• WORK TASK:
Please find the line that holds "This stunning pendant" below and reproduce it, along with every line after it through the end, exactly and without pictures.

• SOURCE MATERIAL:

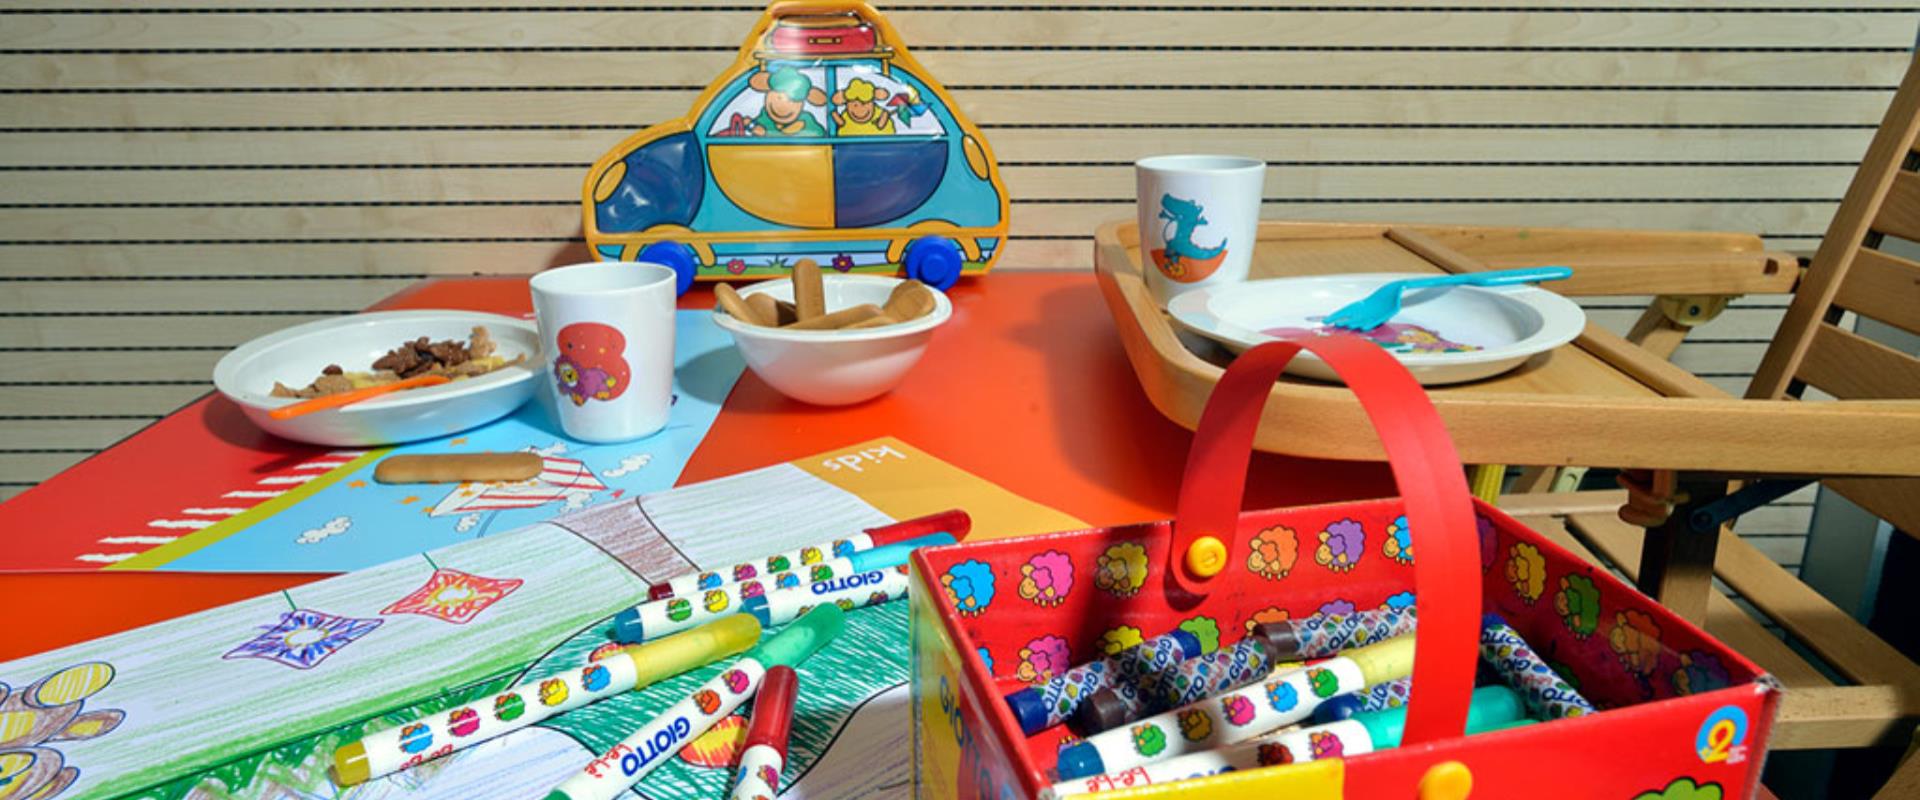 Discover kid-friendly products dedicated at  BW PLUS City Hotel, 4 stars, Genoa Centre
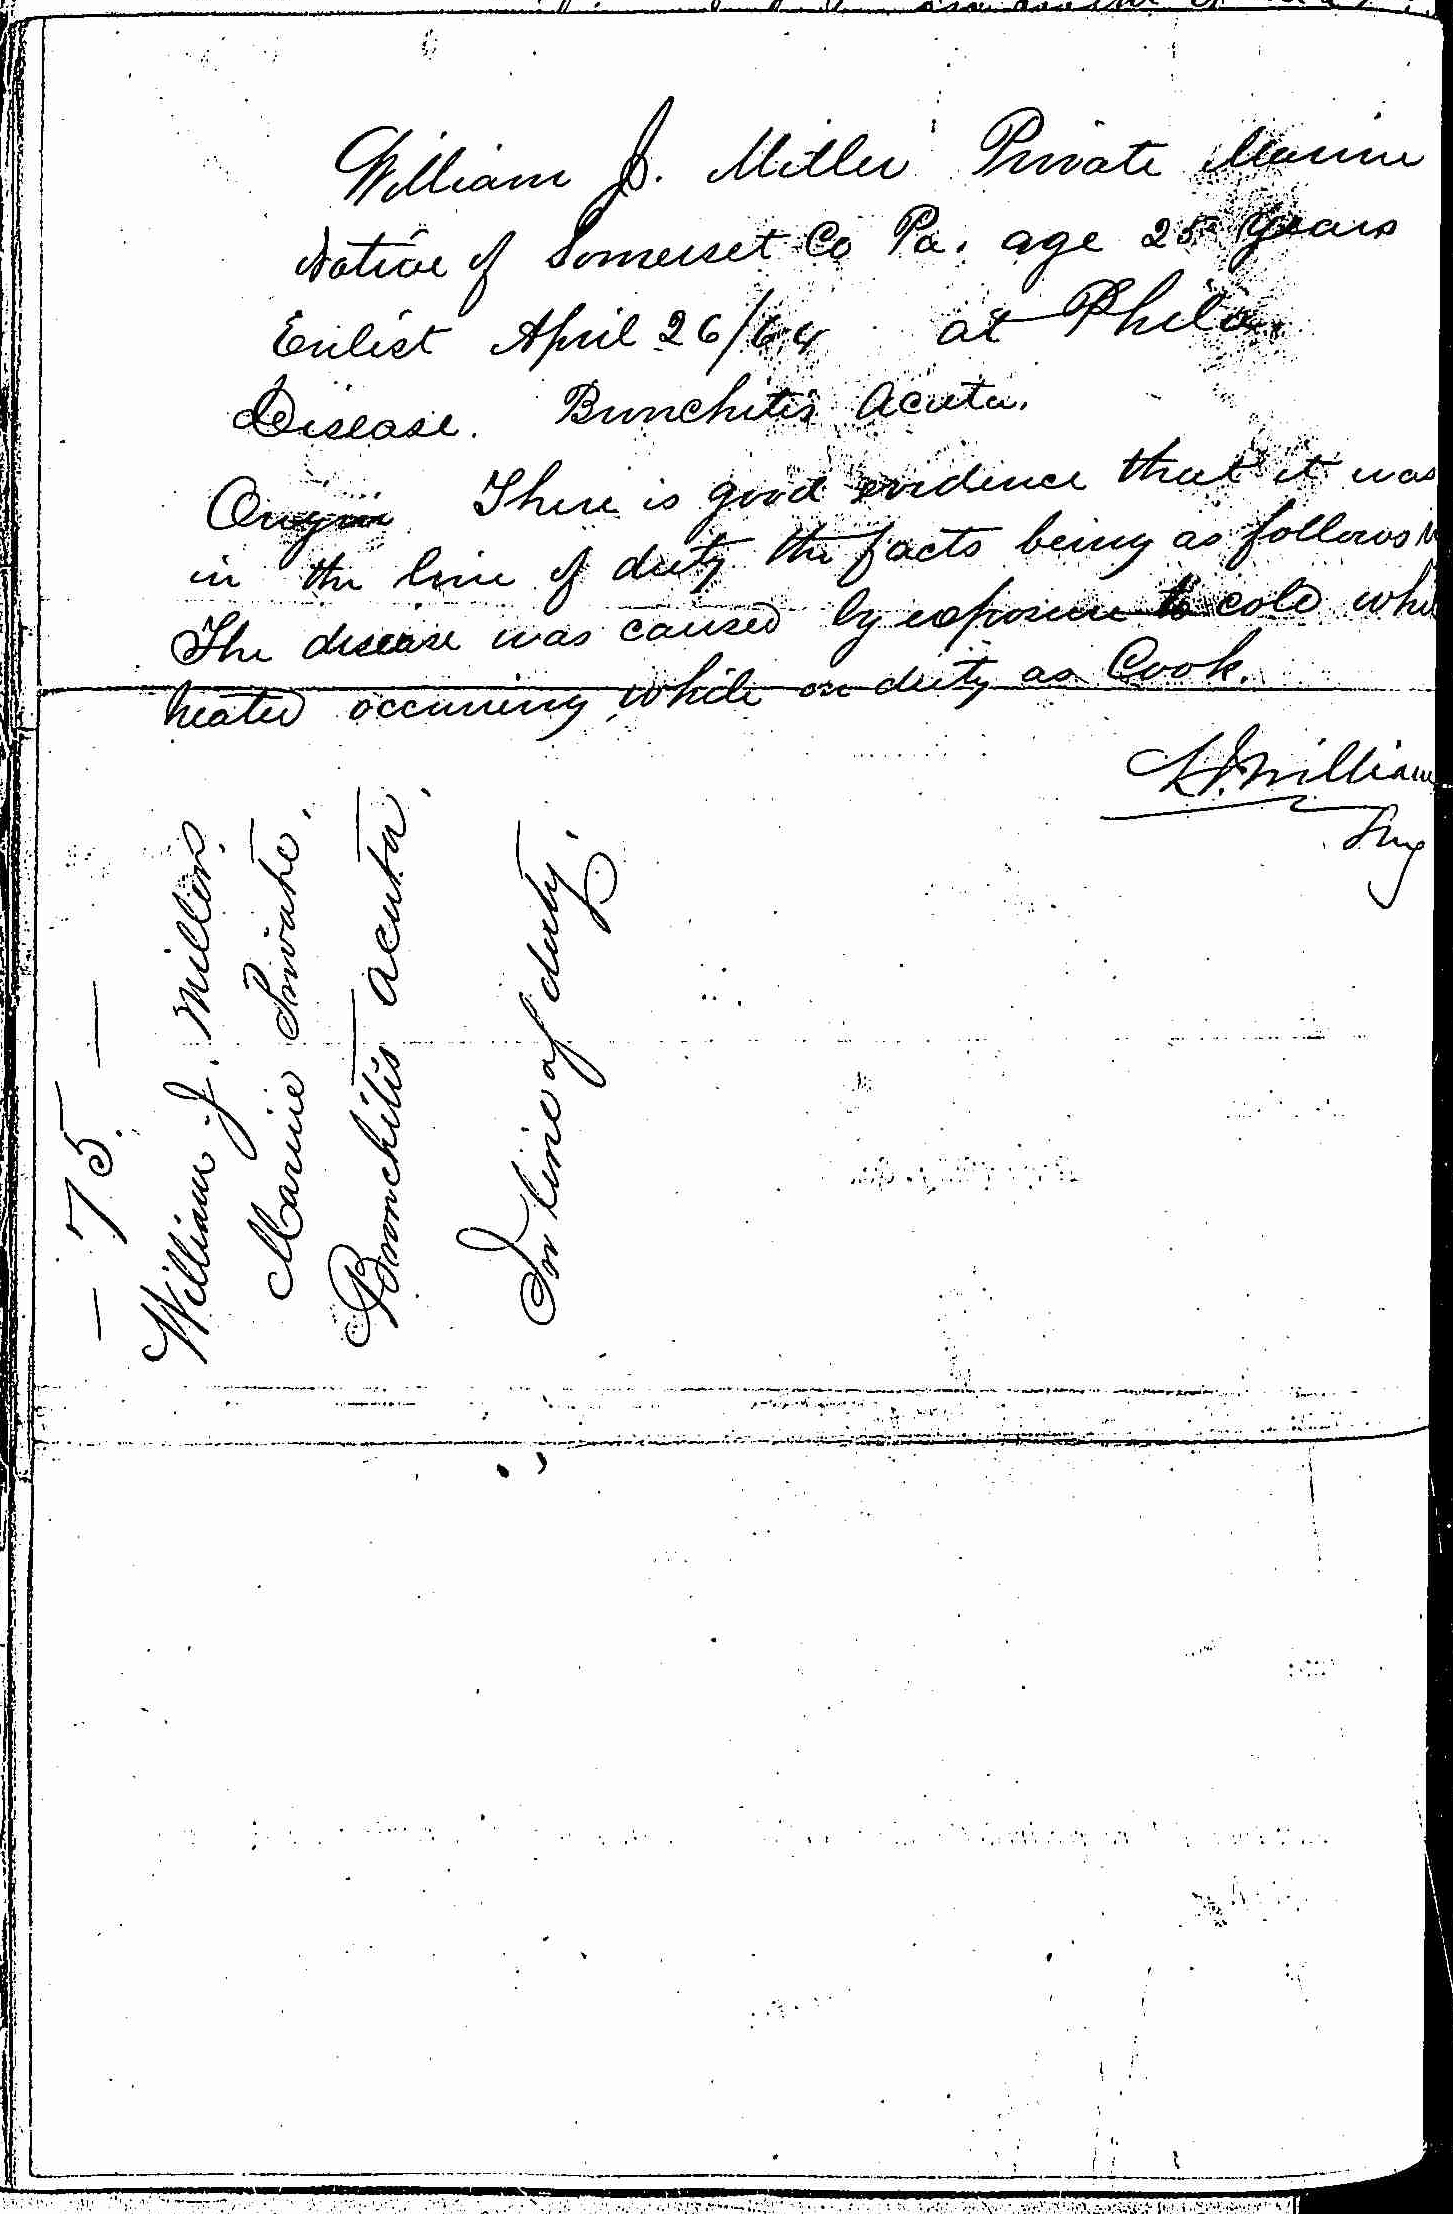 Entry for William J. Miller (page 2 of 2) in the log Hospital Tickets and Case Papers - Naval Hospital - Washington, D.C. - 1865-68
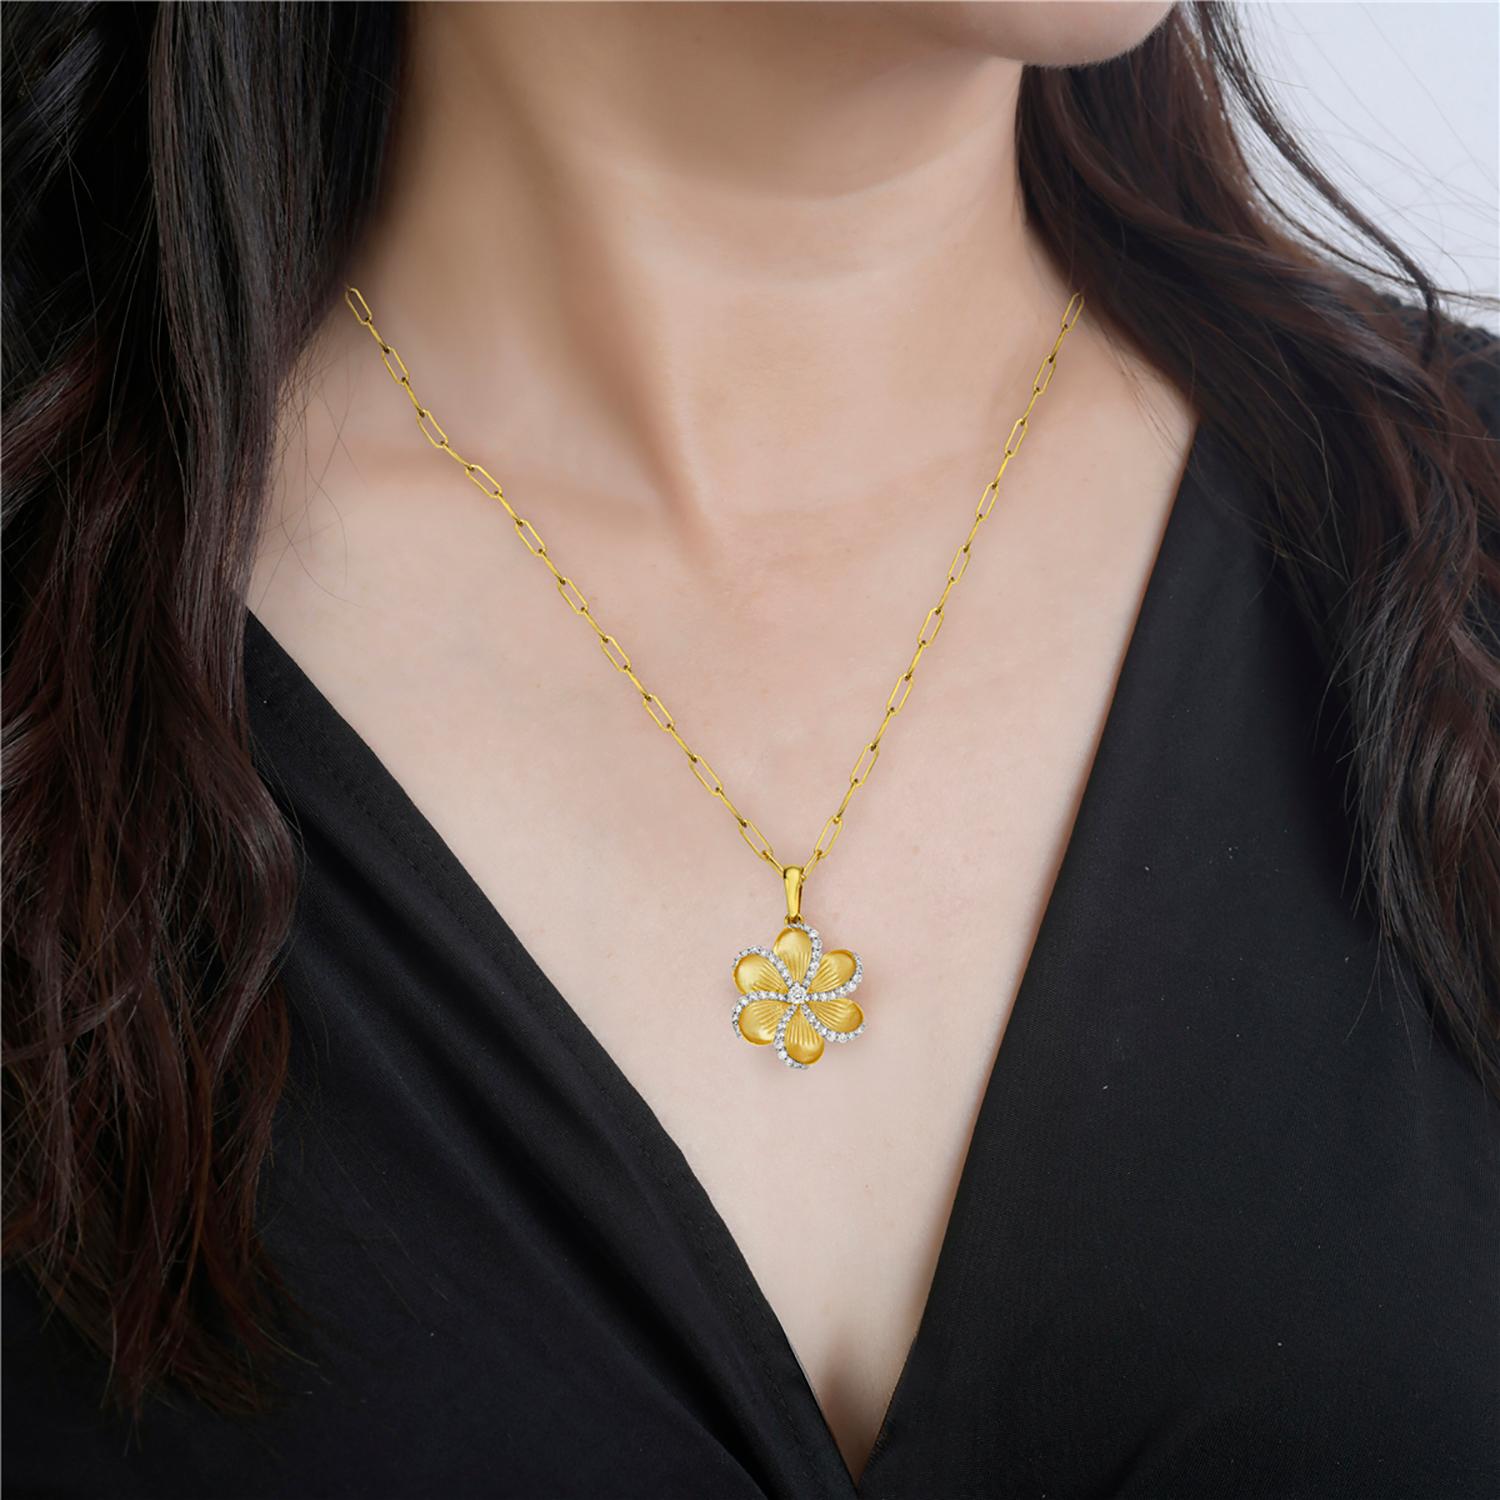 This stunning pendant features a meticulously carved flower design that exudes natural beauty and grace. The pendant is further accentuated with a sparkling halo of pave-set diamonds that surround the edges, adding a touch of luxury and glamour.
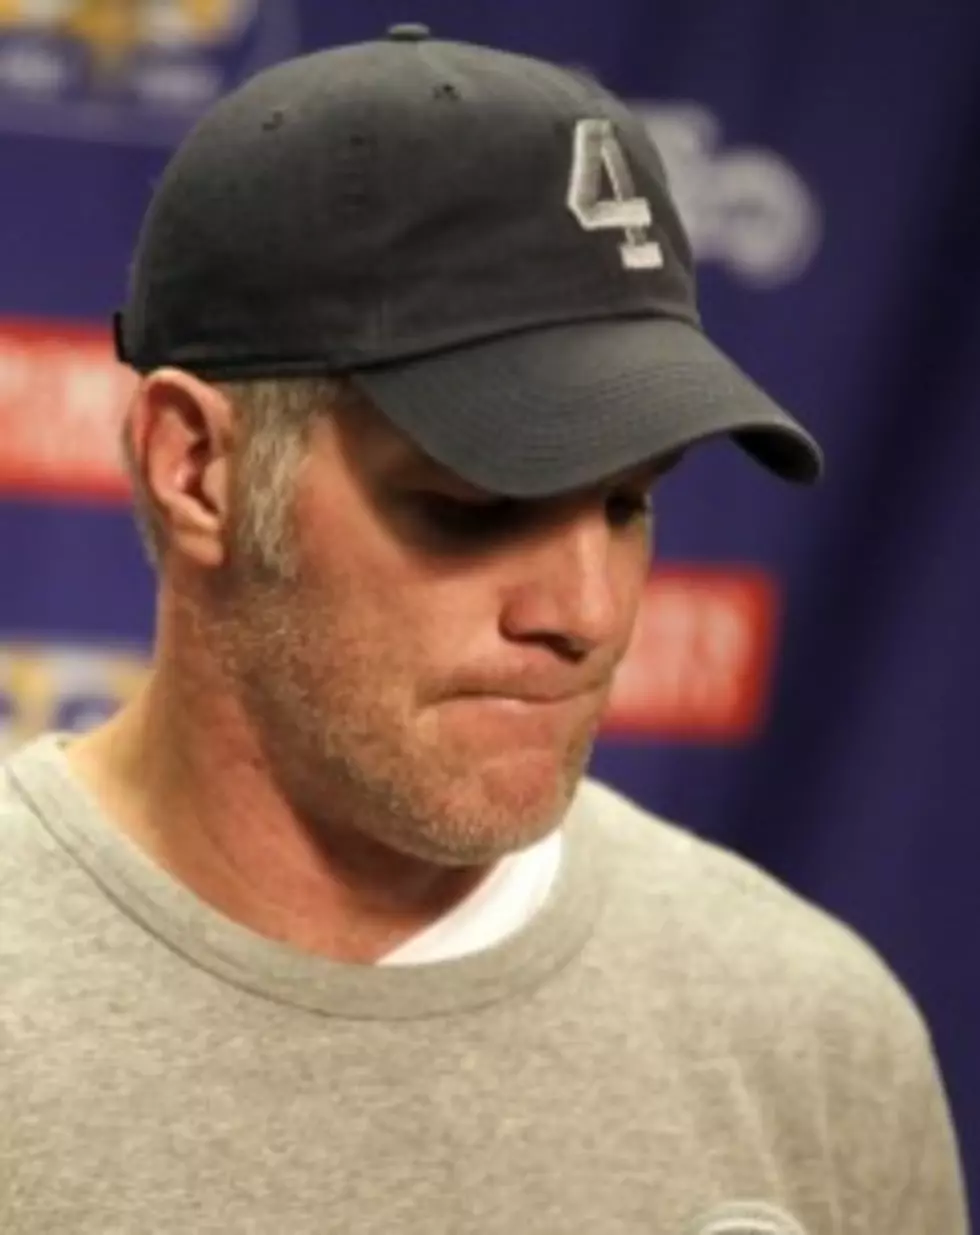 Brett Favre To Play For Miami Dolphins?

• OUTPUT OF THE TASK:
 This stunning pendant features a meticulously carved flower design that exudes natural beauty and grace. The pendant is further accentuated with a sparkling halo of pave-set diamonds that surround the edges, adding a touch of luxury and glamour.
 Brett Favre To Play For Miami Dolphins?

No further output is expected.